ÉPOCA – Os filhos também vão à Justiça em busca de reparação dessa relação interrompida?
Pachá –
 Sim, acontece. Mas as reclamações sempre envolvem o patrimônio, porque é isso que os filhos aprendem em casa. É como se o afeto pudesse ser compensado com dinheiro. Eu não alimento esse tipo de decisão judicial, porque afeto não se remunera. Acredito que alguns desamparos são estruturantes na nossa formação. Todo ser humano é sozinho. Não é culpa de ninguém que você se sinta abandonado. Você precisa lidar com isso. É uma forma de crescer como adulto que sabe seus limites e ansiedades. Viver na corda bamba é da condição humana. A felicidade não é um direito, muito menos uma obrigação. Compreender nossa humanidade nos faz mais responsáveis pelo nosso destino. Essas indenizações por abandono não reparam nada. Acho que elas alimentam a percepção de que com dinheiro tudo pode ser resolvido. As pessoas acham, como Nelson Rodrigues, que dinheiro compra tudo – até amor verdadeiro.
ÉPOCA – É verdade que a maior parte das separações não consensuais é feita pelas mulheres?
Pachá –
 Em uma das histórias eu trato desse assunto. Quando a mulher deixa de amar, ela pede a separação. É muito difícil ela empurrar um casamento com a barriga. Poucas vezes vi um homem terminar porque deixou de amar. Ele, normalmente, se separa para viver com outra. Ou porque a mulher não o agüenta mais. Isso faz parte da cultura do amor romântico. A mulher não consegue viver um relacionamento sem amor. Para o homem, é diferente. O casamento é uma questão prática.
ÉPOCA – É mais difícil então para a mulher viver o fim do amor?
Pachá –
 Sim. Quando ela deixa de ser amada, sofre muito. Já vi uma mulher se humilhar por ciúmes em uma audiência. Até um texto do Roland Barthes [intelectual francês] eu li para ela, sobre o assunto. Mas é interessante ver esses conflitos tão em carne viva. Nesses anos todos, não houve um dia em que eu tenha saído desanimada de casa.
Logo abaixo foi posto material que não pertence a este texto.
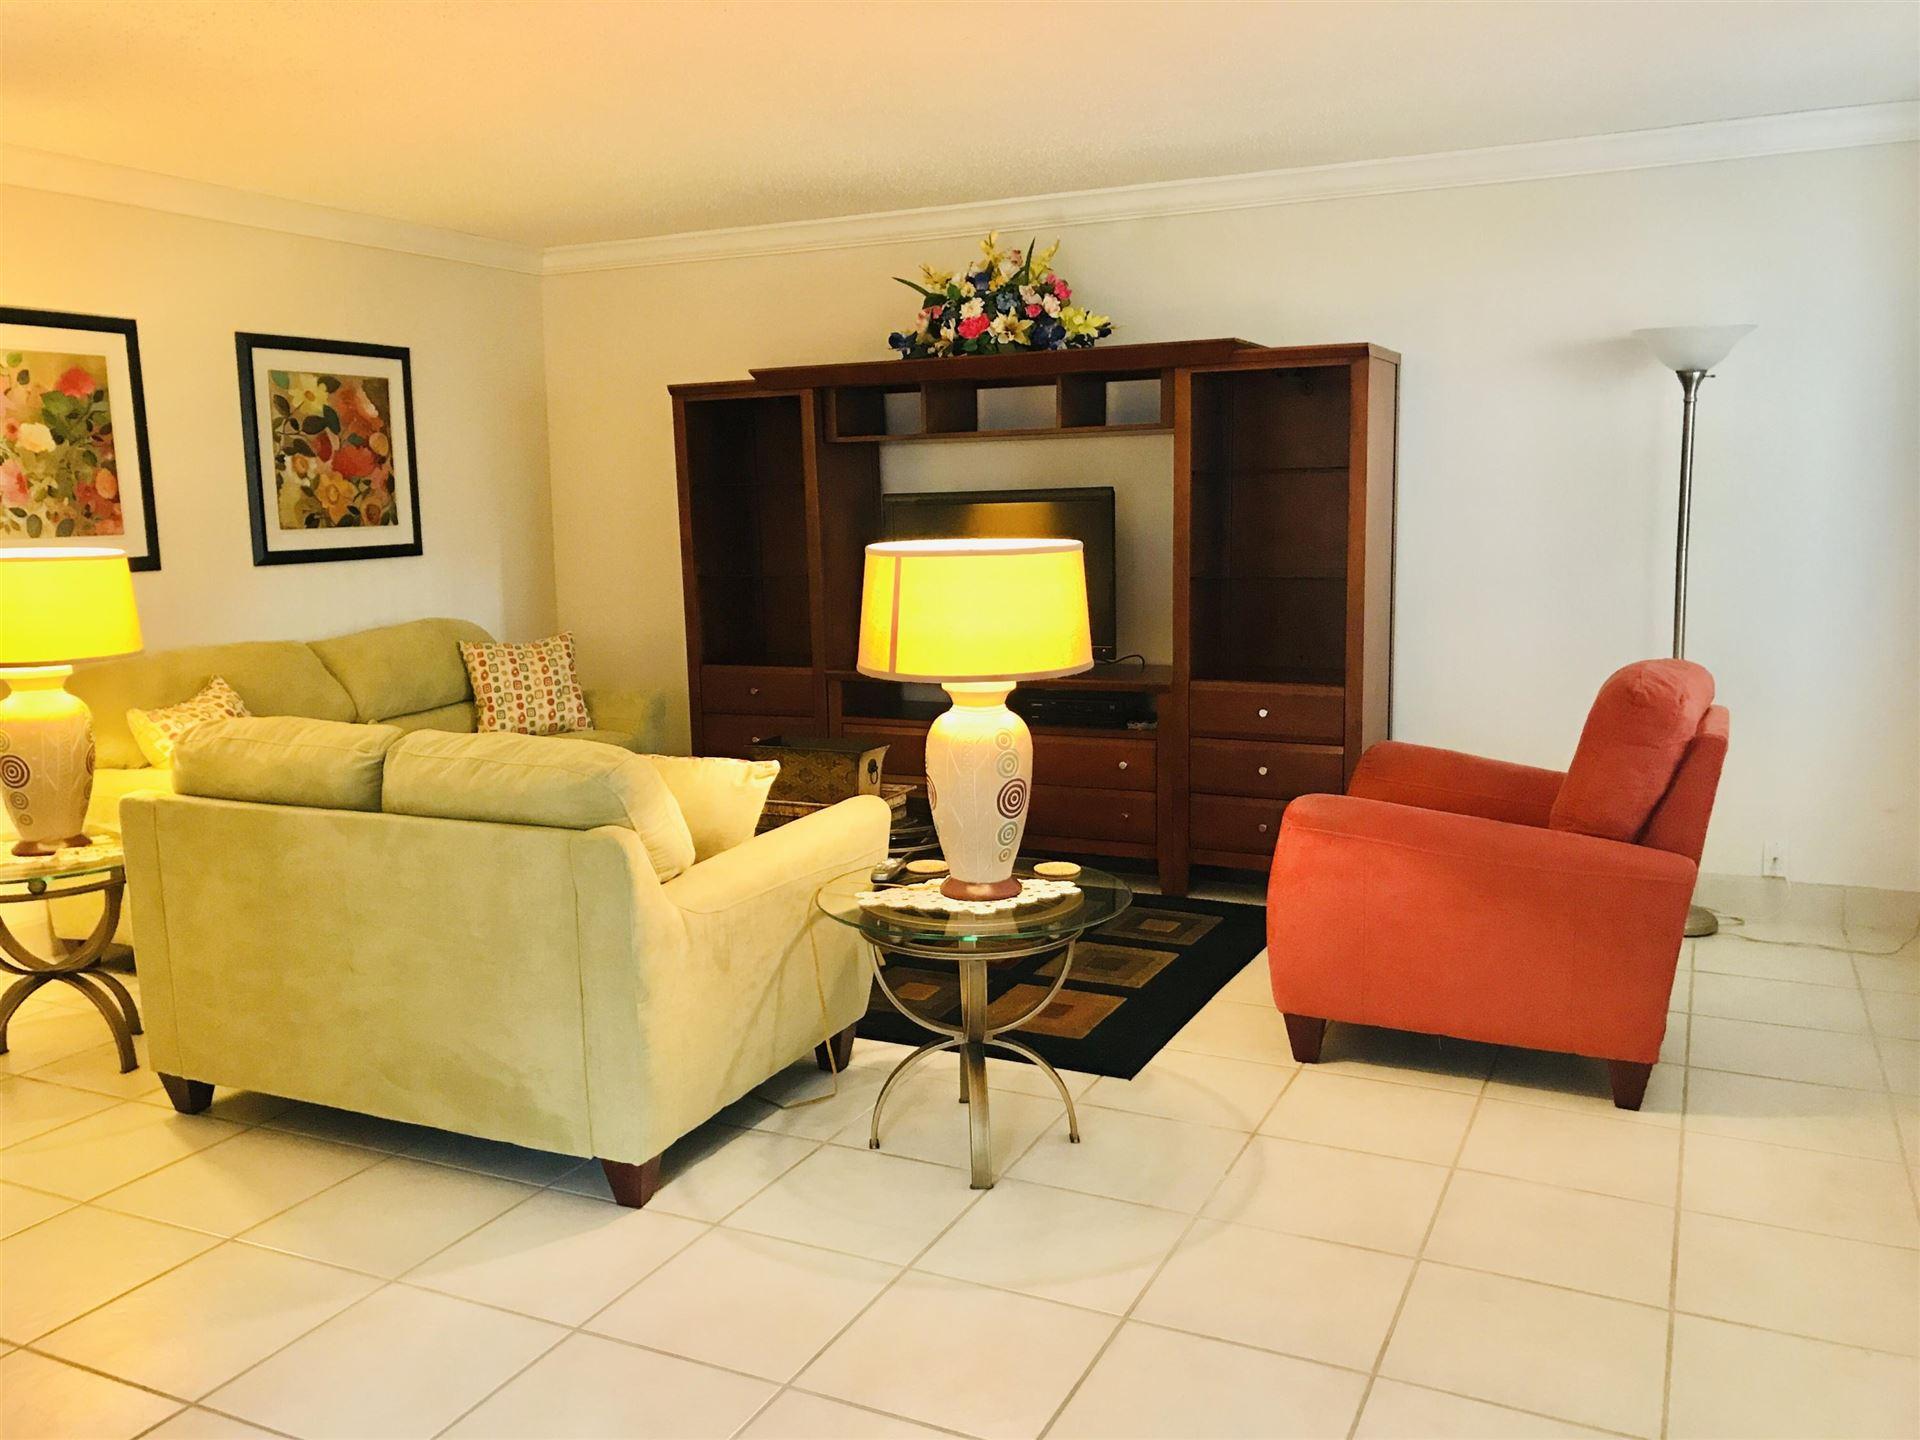 344 Brittany H, Delray Beach, FL 33446 - #: RX-10683844
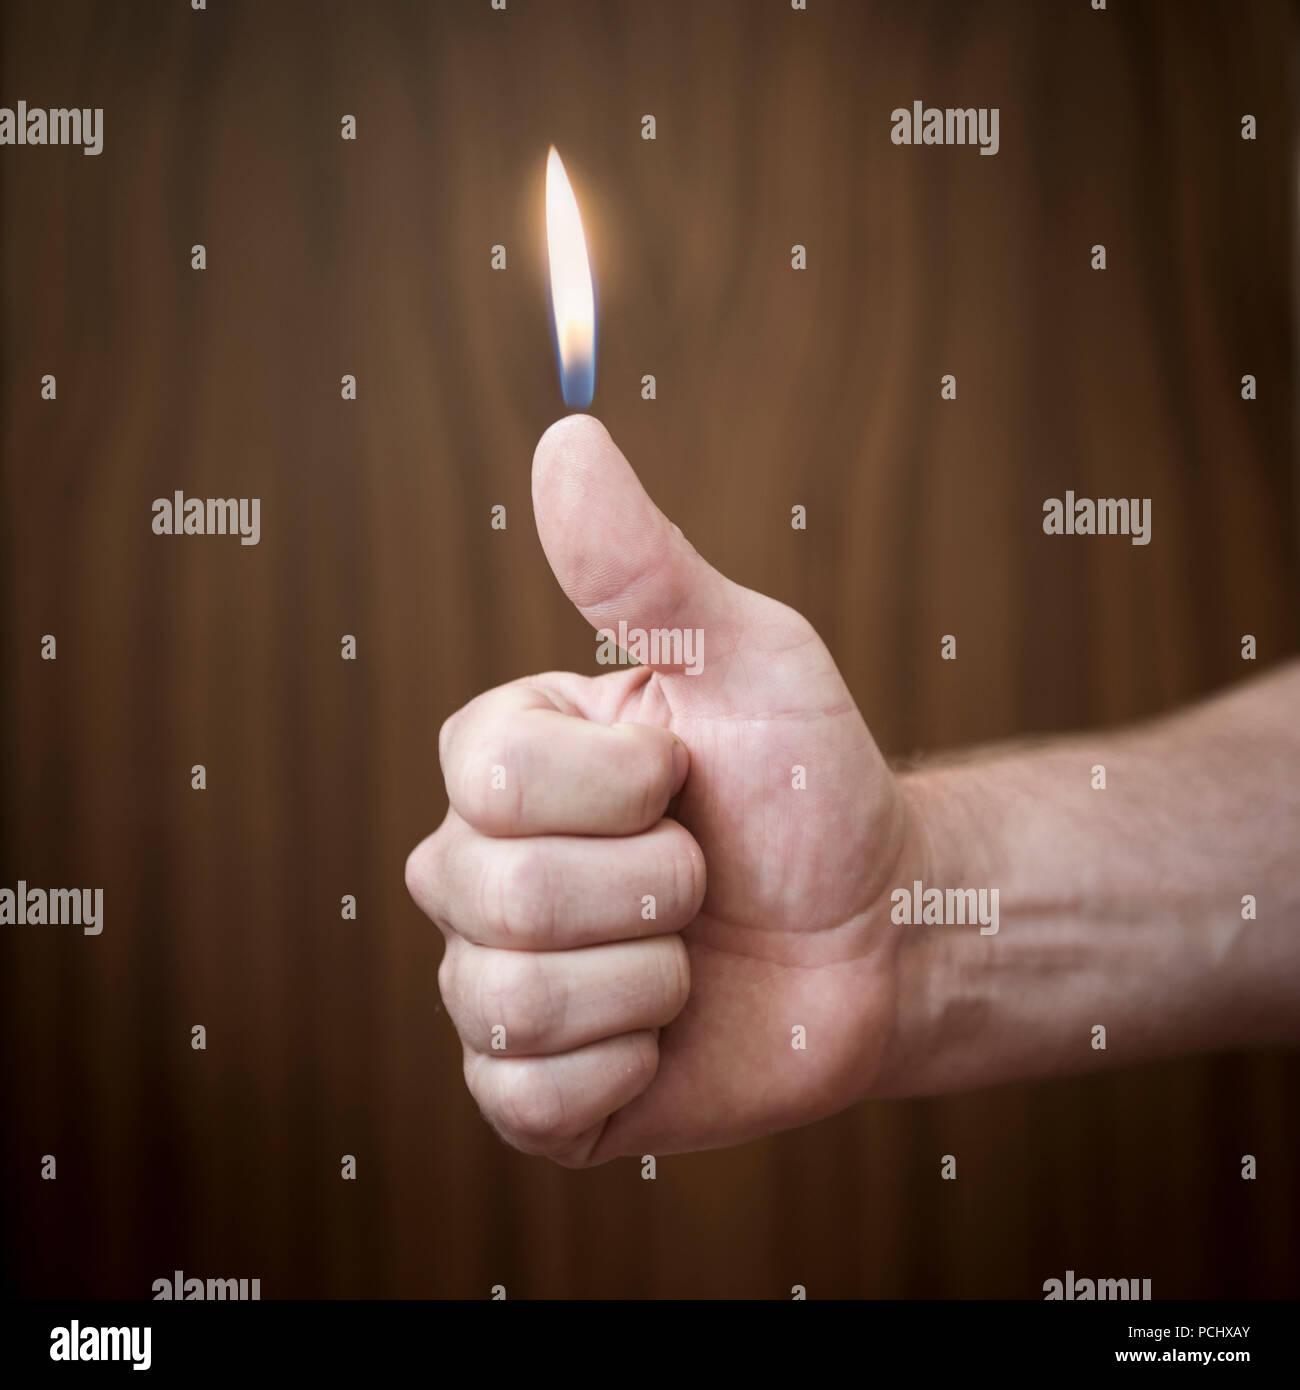 ideas,flame,human thumb,wick,burning - Stock Image

ÉPOCA – Há algo em comum nessas histórias?
Pachá –
 Muito. Quem ainda ama costuma achar que é possível manter a relação com o amor que só ela sente. É como se a pessoa tivesse condições de amar pelos dois. Só que não tem jeito. Quem não ama não ama. É duro lidar com isso, porque não depende de você. Ninguém escolhe o momento em que o amor acabar e, culturalmente, não nos preparamos para quando o fim chega. Nossa cultura é a do amor romântico, em que só a morte é o ponto final. Por isso, quando o amor acaba há uma dose de culpa, medo de ter errado. Depois vem a angústia de tentar manter a relação. Todas essas histórias com finais tristes tiveram começos felizes. Se você pergunta para um casal quando eles se apaixonaram, os dois se lembram do coração pulando. Mas nenhum consegue ver quando chega o fim. Não há algo como “Meio dia, do dia 10 de janeiro, eu deixei de amar.”
ÉPOCA – A senhora é casada? Depois de ver todas essas histórias, ainda consegue acreditar no casamento?
Pachá –
 Sou casada há quase 20 anos! (risos) Tenho dois filhos. Sou otimista em relação ao ser humano. As relações que vivemos, mesmo quando acabam, são verdadeiras. Quanto menos se idealiza um relacionamento, mais feliz se consegue ser. Penso que o bom do casamento é aquele amor pedestre, compreensivo. Não tem trilha sonora ou café na cama. Às vezes, as pessoas acordam de mau humor ou a casa fica desarrumada. Os conflitos existem. Se por um lado os divórcios cresceram, por outro também aumentou o número de casamentos – formais e informais. Faz parte da nossa condição buscar alguém para compartilhar a vida.